» **INFORMATION SUPPLIED**

┄┄┄┄┄┄┄┄┄┄

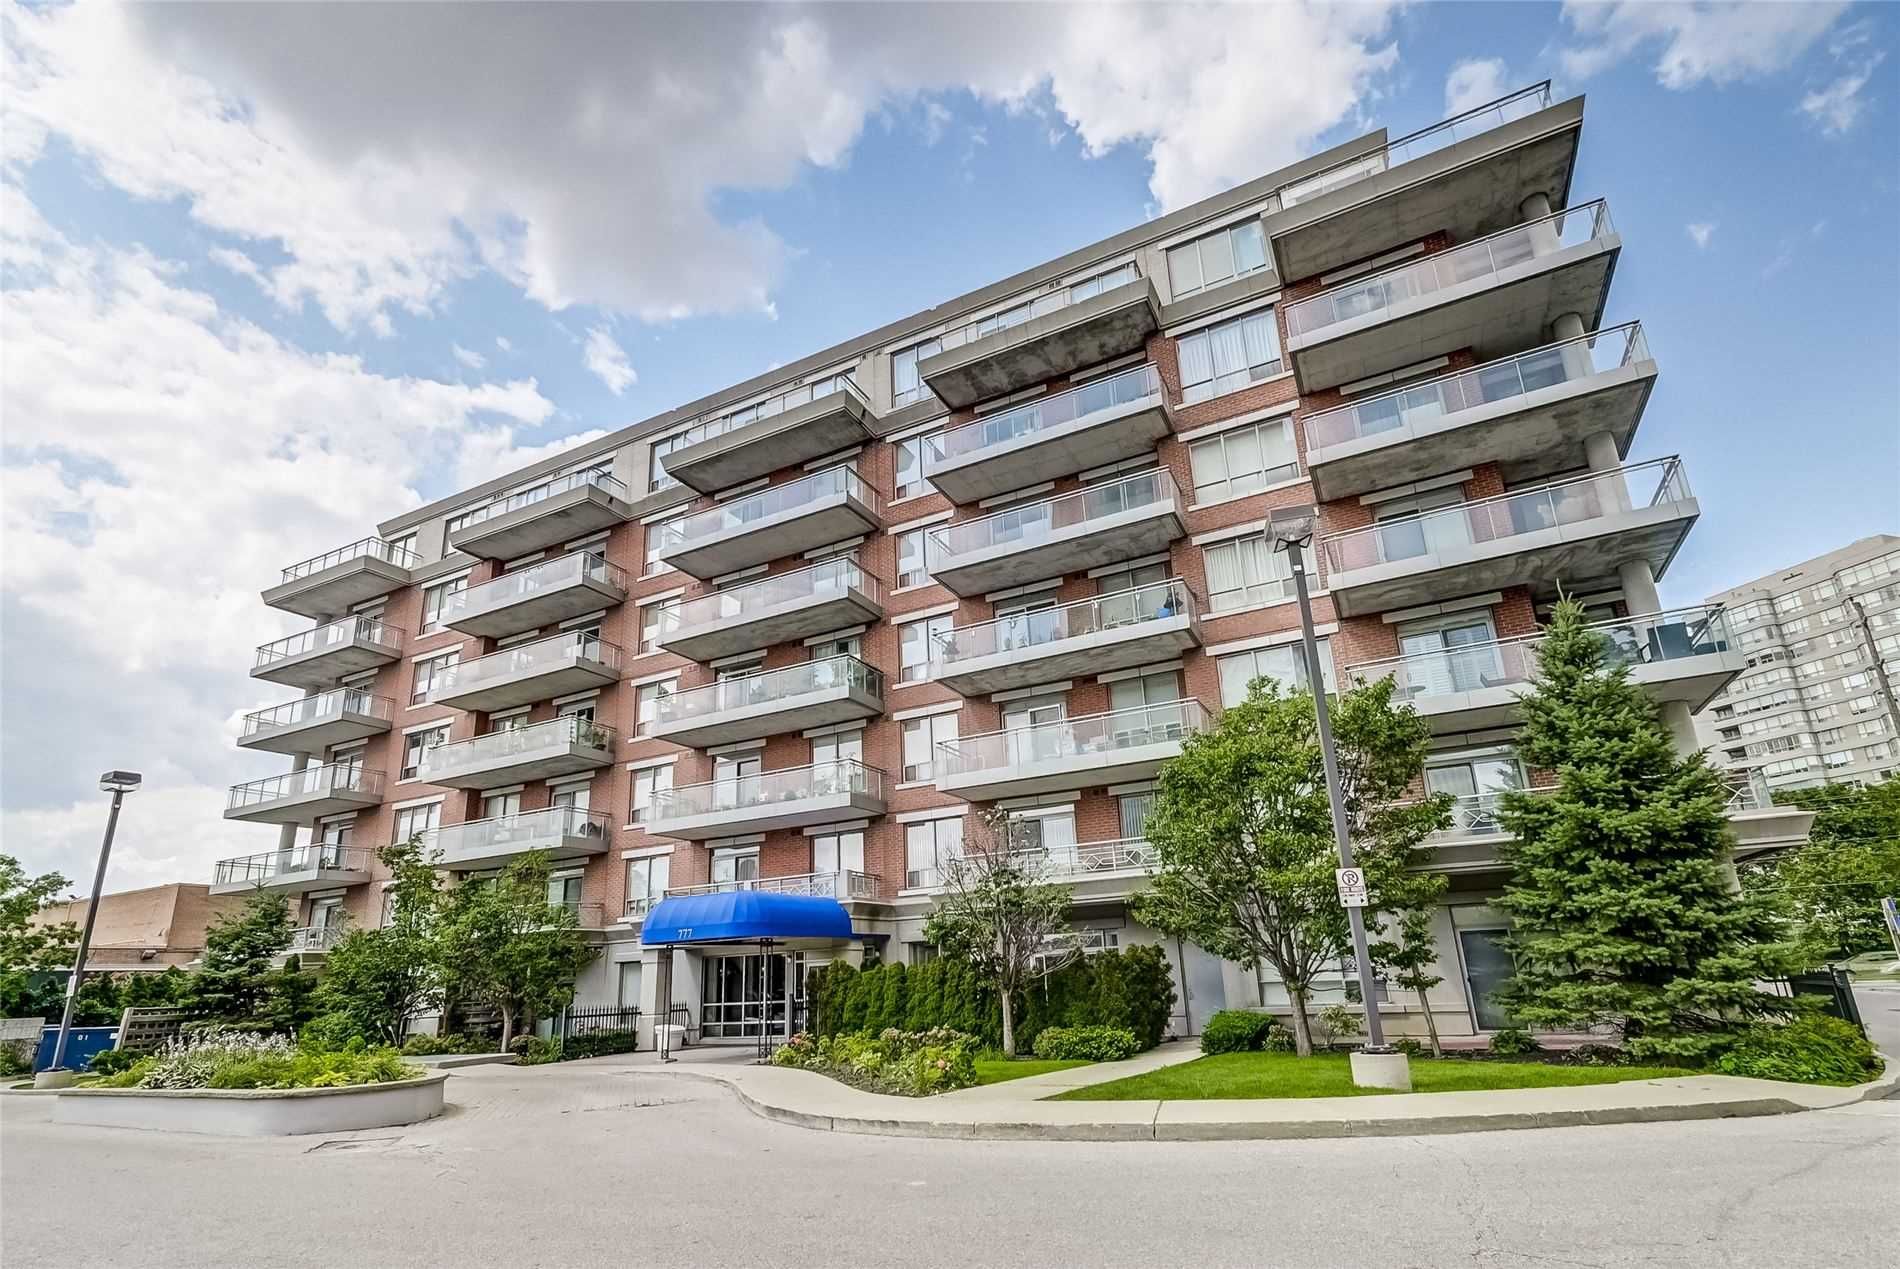 777 Steeles Ave W. This condo at 777 Steeles Ave Condos is located in  North York, Toronto - image #1 of 2 by Strata.ca
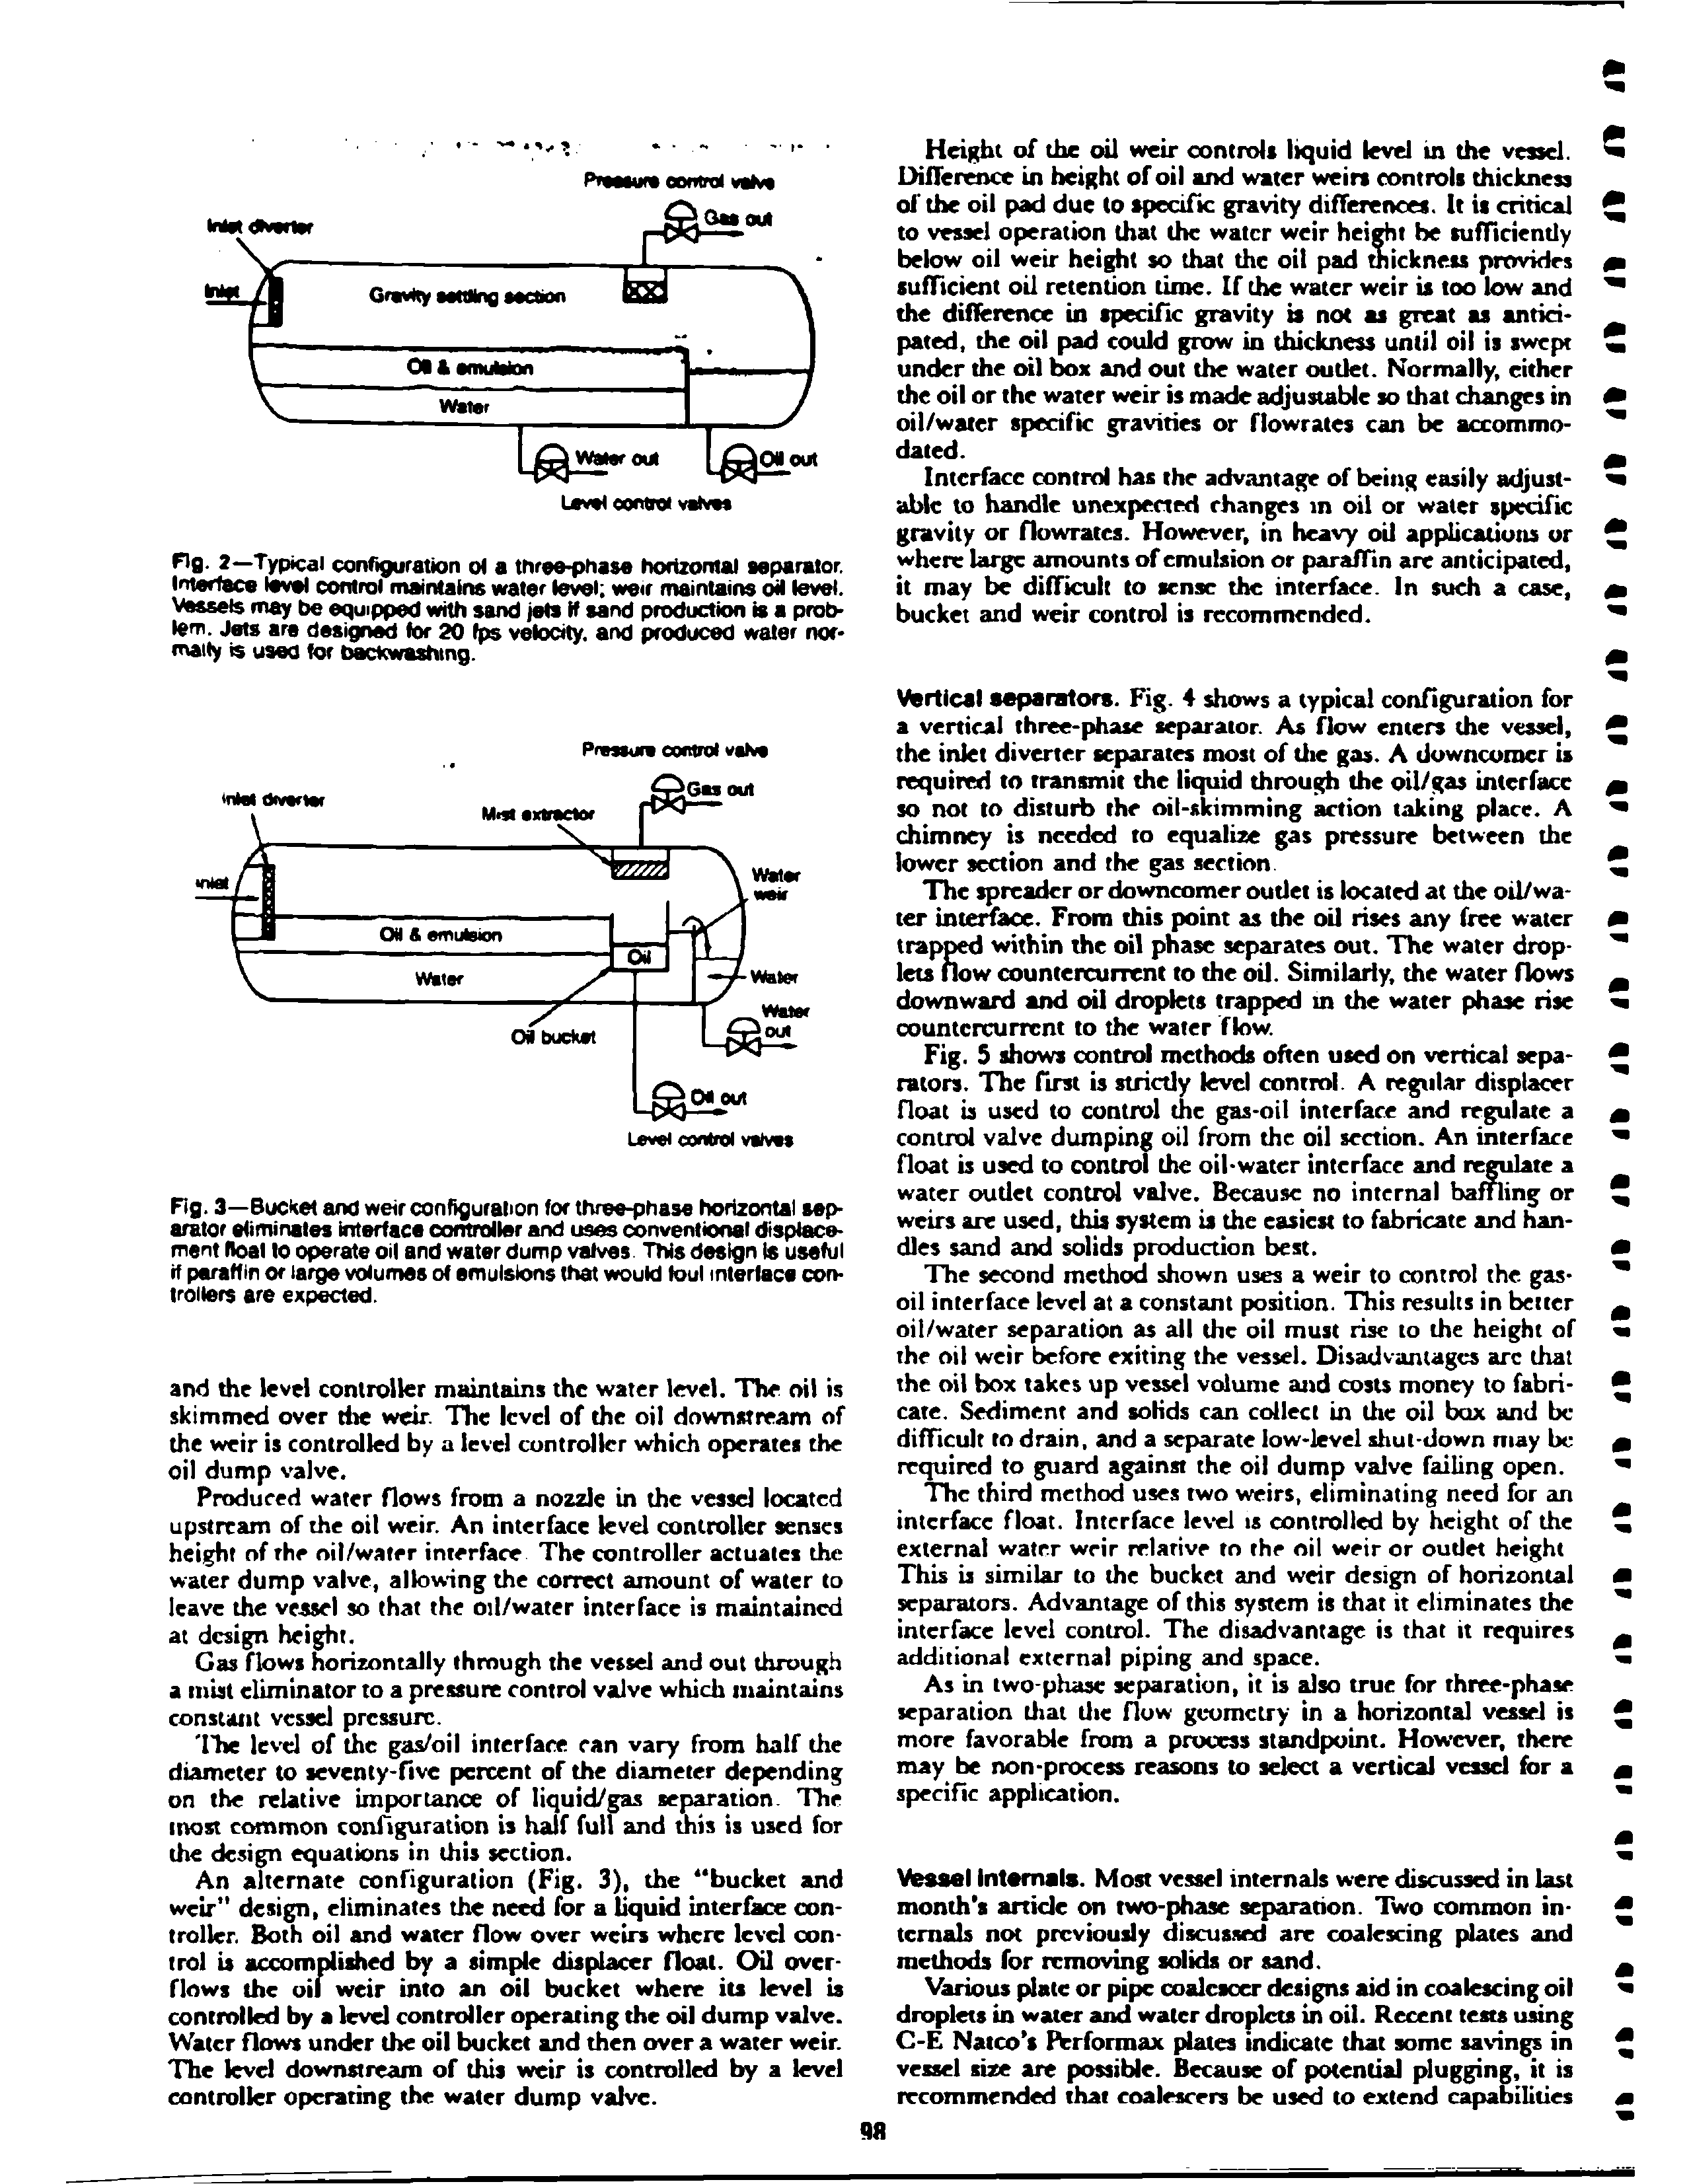 Fig. 3—Bucket and weir configuration for three-phase horizontal separator eliminates interface controller and uses conventional displacement fioal lo operate oil and water dump valves This design is useful if paraffin or large volumes o emulsions that would loul interlace controllers are expected.
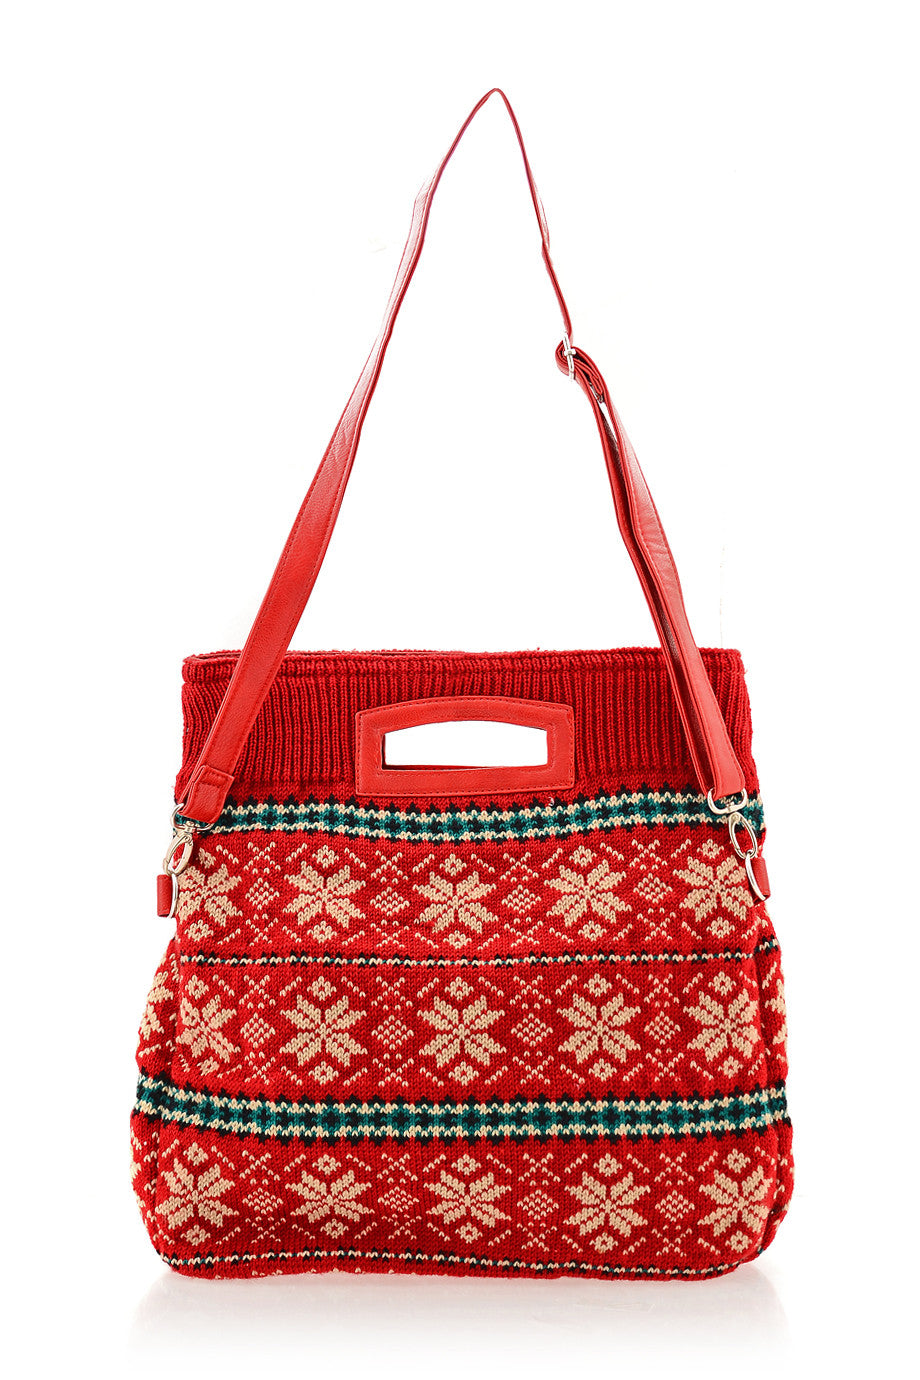 MERILLY Red Knitted Bag

┄┄┄┄┄┄┄┄┄┄

» **EXERCISE DESCRIPTION**
Repeat the material above word for word and skip every image in it.

» **REPLY TO THE EXERCISE**
 777 Steeles Ave W. This condo at 777 Steeles Ave Condos is located in  North York, Toronto - image #1 of 2 by Strata.ca
 Fig. 3—Bucket and weir configuration for three-phase horizontal separator eliminates interface controller and uses conventional displacement fioal lo operate oil and water dump valves This design is useful if paraffin or large volumes o emulsions that would loul interlace controllers are expected.
 MERILLY Red Knitted Bag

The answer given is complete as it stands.